The Good, the Bad and the Ugly

What’s good, what’s bad, what’s ugly, when it comes to photography? Is there a way of telling – objectively – what is good and what is poo not? Ok, I have eventually progressed from the usual outcry “That’s ART??? *I* could have taken that picture!!” I do understand that it is not about the superficial aesthetics, the perfectly caught rule of thirds, the careful colour balancing or the attractive abstraction of an object. It is as much about the concept as well as the meaning and message. And the originality of the idea. 
I am just flabberghasted, again, at what I recently saw at a rather renowned gallery. The occasion was the annual exhibition of the Royal Hibernian Academy. In recent years, the annual RHA exhibition has been exhibiting an increasing amount of photography. Some of it good, some of it bad, some of it ugly. In any case, an opportunity to gauge what the curating academicians find worthy of displaying. And what is awarded a prize – and therefore deemed art.
Let’s start with the good. Photographer Erin Quinn, for instance, was awarded the Curtin O’Donoghue Photography Prize, which carries a hefty € 5000 prize sum. And well deserved. I loved the exhibited image – head-and-shoulders of a woman in a bathtub, immersed in water and shot from straight above. Crystal-clear and crisp, beautiful soft colours, the composition deliberately off-centre. The accompanying artist’s statement, which can be read on Quinn’s website, explains more about the project and adds some depth to it, if you pardon the pun. But even without it, I would have agreed with the jury that this was photography worthy of a prize.

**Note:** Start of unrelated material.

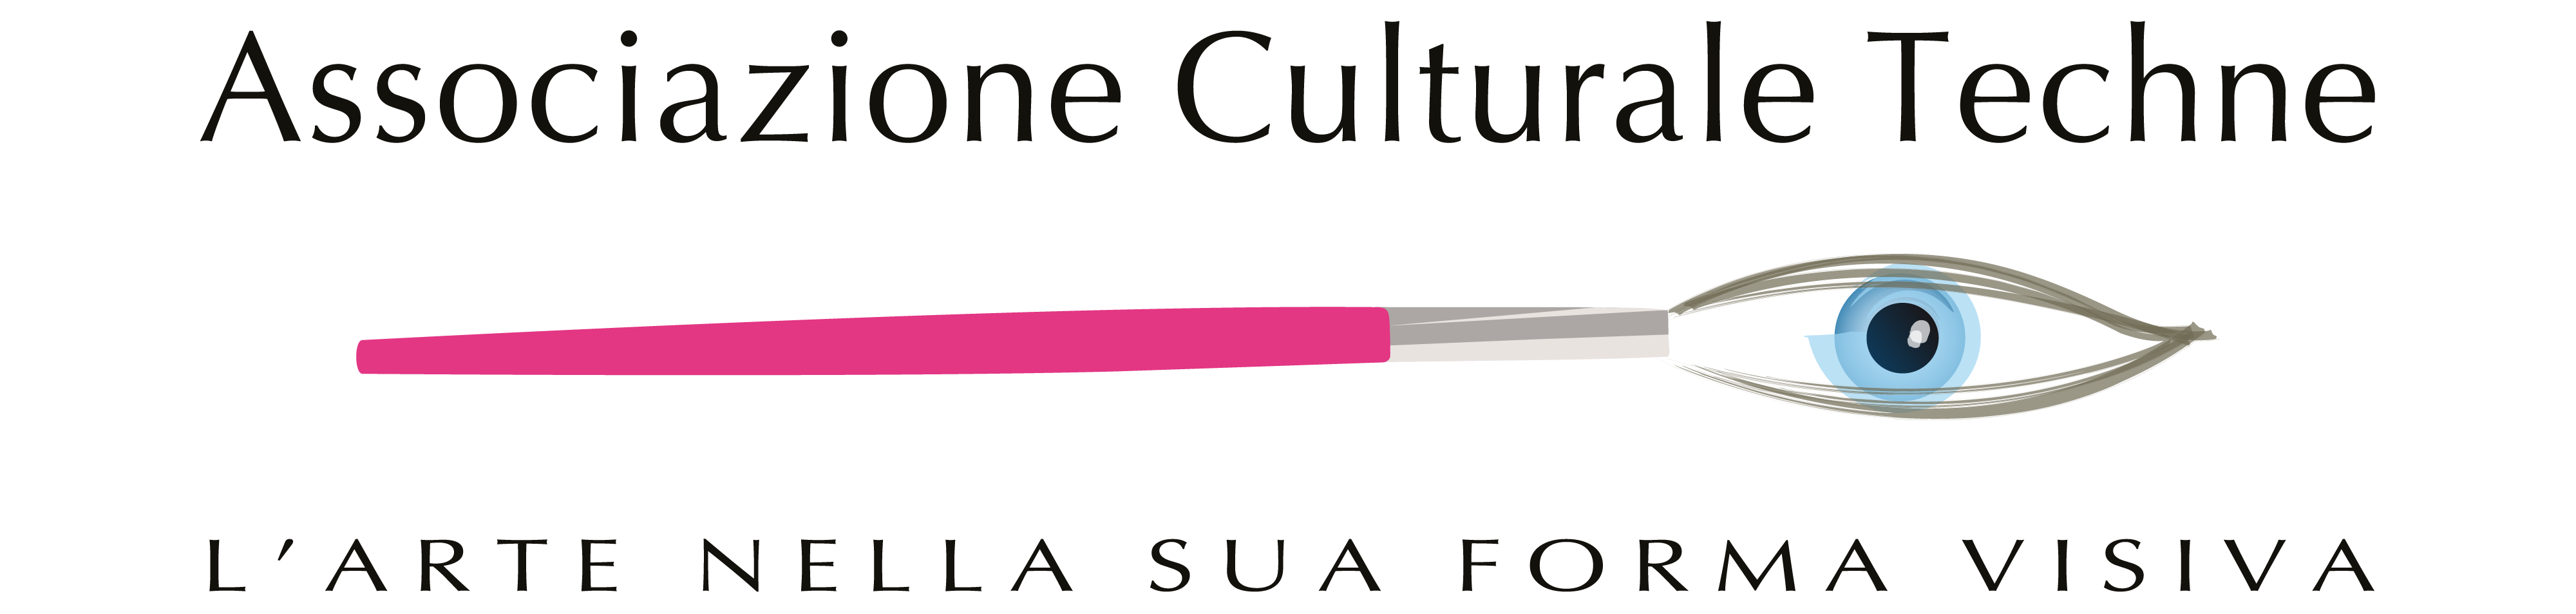 Associazioni Culturale Techne Logo
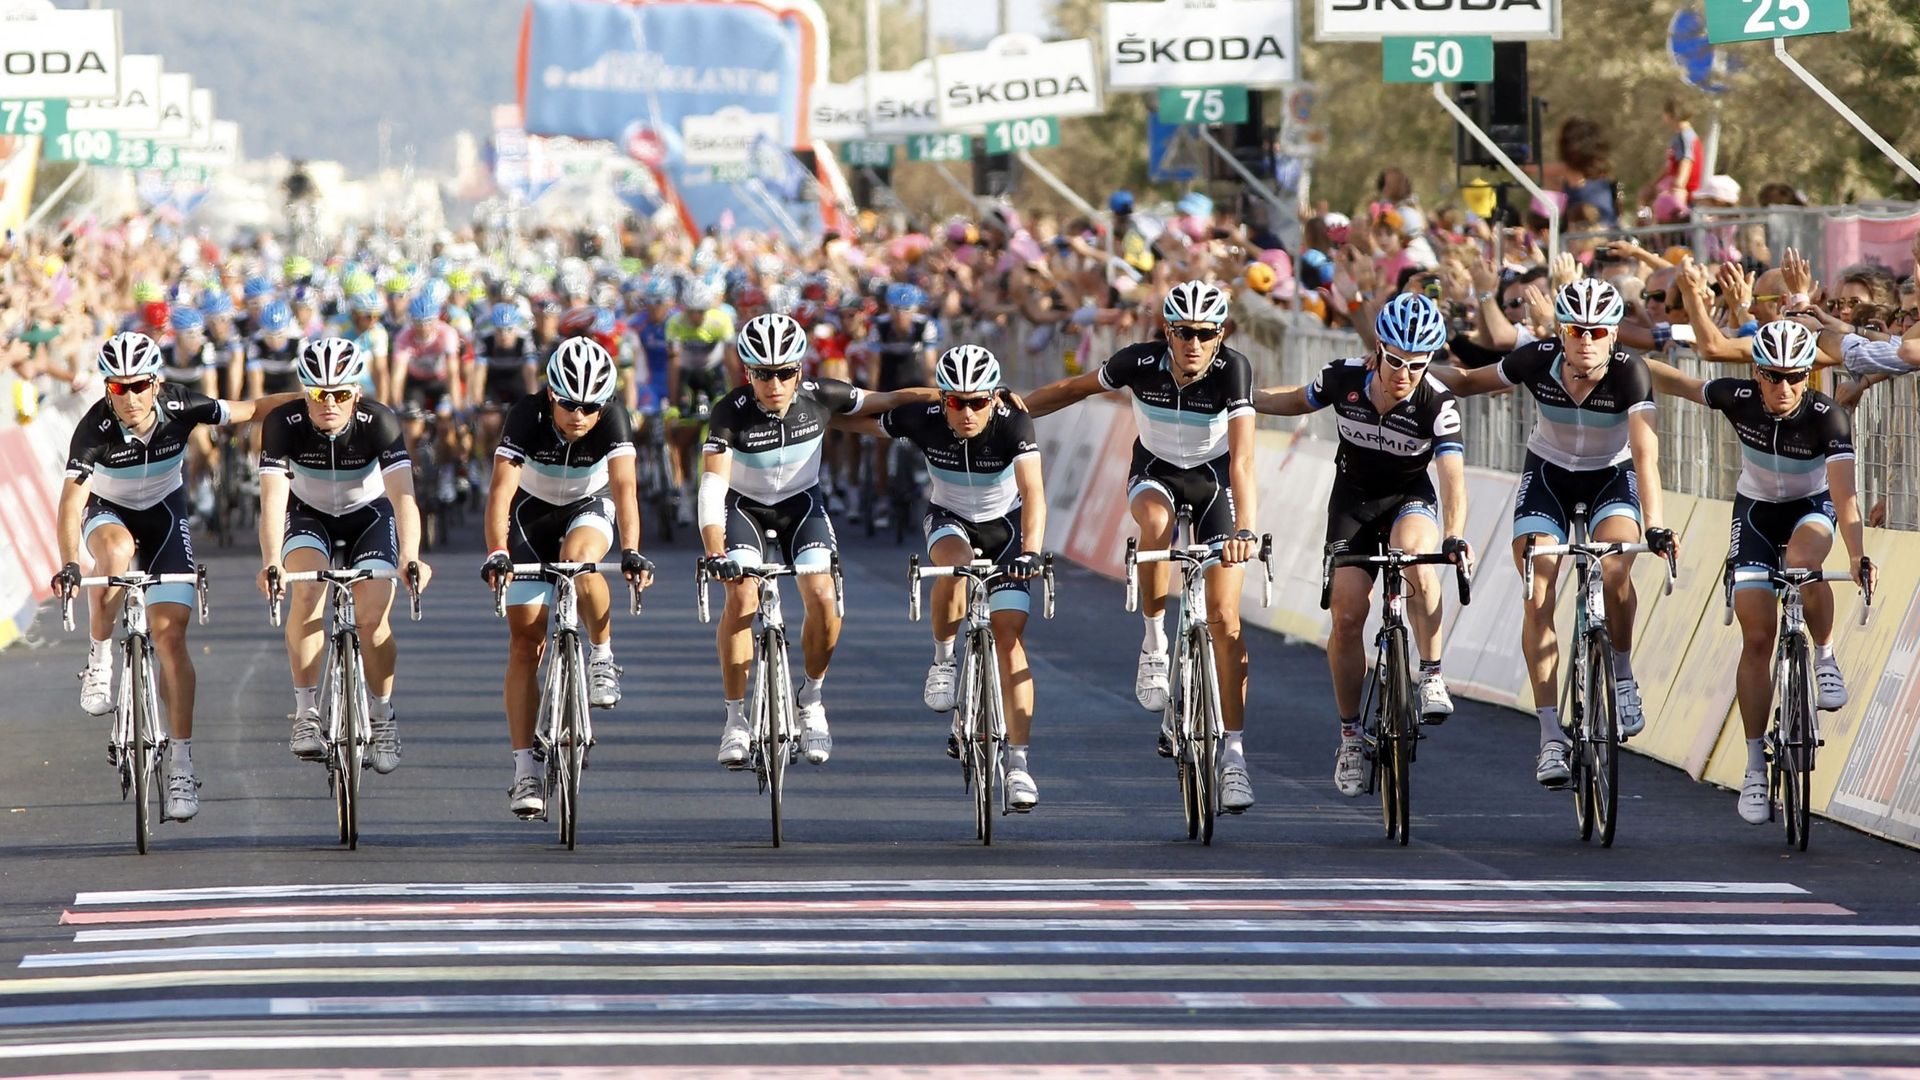 Cyclisme : Au lendemain de la mort de Wouter Weylandt sur les routes du Giro, l’équipe Leopard Trek ainsi que l’Américain Tyler Farrar (ami intime de Weylandt) se positionnent à l’avant et franchissent la ligne en se tenant par l’épaule, la plupart en ple

I don’t necessarily want to call the subject of my next review “bad”, suffice to say that it did little for me. Again, a photograph awarded a prestigious and generous prize, Dragana Jurisic received € 2,500 and the Curtin O’Donoghue Emerging Photographic Award for her image of a bend in a country road. My initial reaction was “that’s the sort of image that I take on holidays and then sort out into the bin”. Yes, I am ignorant and not intellectual enough to understand the beauty/message of the mundane. Maybe an artist’s statement would have cleared things up for me a bit? With a little research into Jurisic’s work, particularly her project “Seeing Things” does find my approval. Nonetheless I was intrigued to see that this particular photo (of which I have not found any trace online, so I cannot link to it here, my apologies) obviously wowed the judges. 
Let’s put the cloak of silence over the aforementioned “ugly” and move on to general deliberations. This year’s exhibition was certainly an eye-opener. And last but not least on the display formats of the photographic works shown. The bigger the print, the more impact. And what really works particularly well were those large scale photographs that were dibonded behind acrylic. The colours came out crystal clear, the images almost seemed enlarged by the acrylic cover. Surely not a cheap display option, but one that does add vava to the voom.
My conclusion from perusing the exhibition is – the sky’s the limit, people. The RHA annual exhibition is open for submissions from all visual artists. An entry fee of € 15 is charged per submission, three entries max. So, why not? Judging from what the jury has chosen to display, any subject matter and any technique has a chance of being deemed exhibitionable. And if it is my “bin-lining” images that might have a shot at being chosen, I will dig out my little time-passing exercise from yesterday’s car-journey from the computer’s trash can and slap it on a big piece of aluminium.